Più rilevanti sono invece le varie forme in cui le donne si associano negli ambiti professionali. Hanno costituito network di tipo professionale, hanno creato per sé ambiti specifici all’interno di di sindacati e associazioni professionali, manageriali e anche imprenditoriali (le buone prassi messe in atto nelle aziende medio-piccole da donne imprenditrici sono numerose, e da conoscere). Sono forme organizzative che hanno una loro efficacia, e possono portare proposte di cambiamento agli interlocutori istituzionali, la controparte con cui negoziare. Anche se magari con una modalità, una parzialità di obiettivi e a volte un’ideologia in cui non ci possiamo ritrovare pienamente. Però credo che tutto ciò che si muove per aprire spazi alle donne vada bene, spetta poi alle donne come usare questi spazi.

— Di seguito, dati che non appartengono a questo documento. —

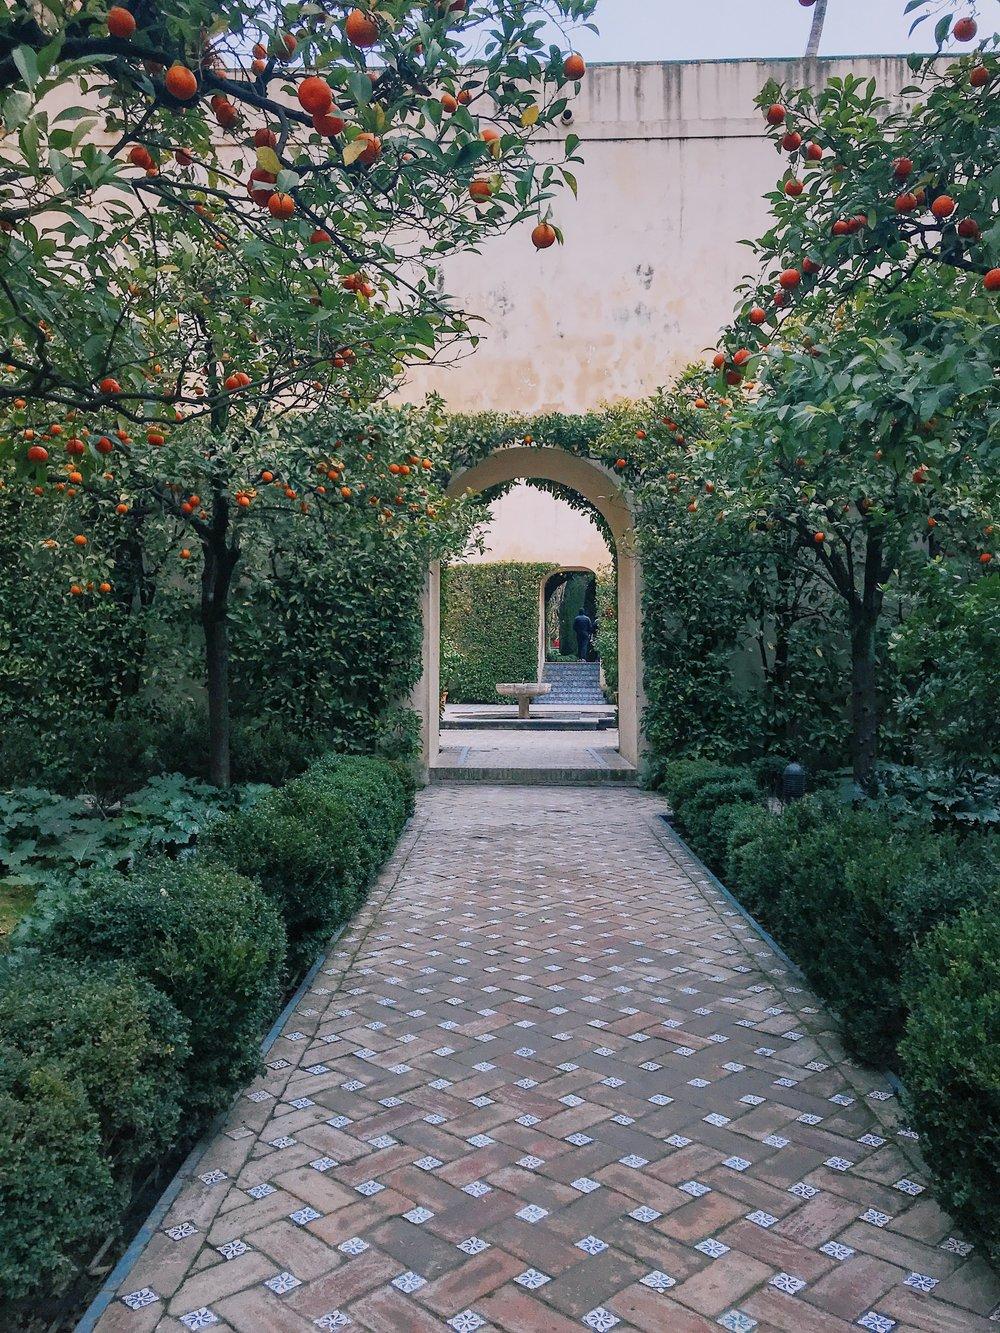 More gardens and orange trees.

Io penso che sia questo complesso di elementi di pressione che hanno messo in discussione -in modo abbastanza diffuso- che ci sia un solo modo di concepire e di realizzare il lavoro e il funzionamento di un’azienda. Oggi di questo di discute dappertutto, anche se i risultati sono ancora minimi. Ma se qualcosa ha cominciato a cambiare, è cambiato a partire dal basso. Il cambiamento non viene mai dall’alto, se non costretto da un bisogno, da una volontà, da una forza.
5- Questo quadro, come ho detto, indica come questione centrale il rapporto con il potere aziendale.
Anche su questo tra le donne si si trova una forte convergenza, ma in questo caso problematica e irrisolta. C’è una difficoltà diffusa nel rapportarsi al potere aziendale. Manchiamo di un’analisi adeguata dei meccanismi del potere, del perché sostanzialmente tendiamo a chiamarcene fuori. Manchiamo di chiarezza su cosa realmente vogliamo e sui nostri possibili strumenti.
Diciamo che le donne non sanno gestire il potere perché forse non lo vogliono, perché hanno una diversa concezione del potere. Questo ci porta ad un diverso modo di concepire il lavoro e il modo di lavorare, ma non porta di per sé ad ottenere i nostri obiettivi, a cambiare la nostra condizione. Il potere è necessario per cambiare, ma le donne dichiarano e praticano una sostanziale estraneità, con il risultato -consapevole- che così lo si lascia agire sia a livello individuale sia a livello collettivo.
Qui si pone il problema degli spazi che le donne possono prendere nelle aziende. Degli strumenti di potere: come funzionano quelli attuali, con quali meccanismi? Cosa facciamo noi? Come diversamente possiamo costruire un nostro potere? E’ su questo che bisogna lavorare senza rimandi.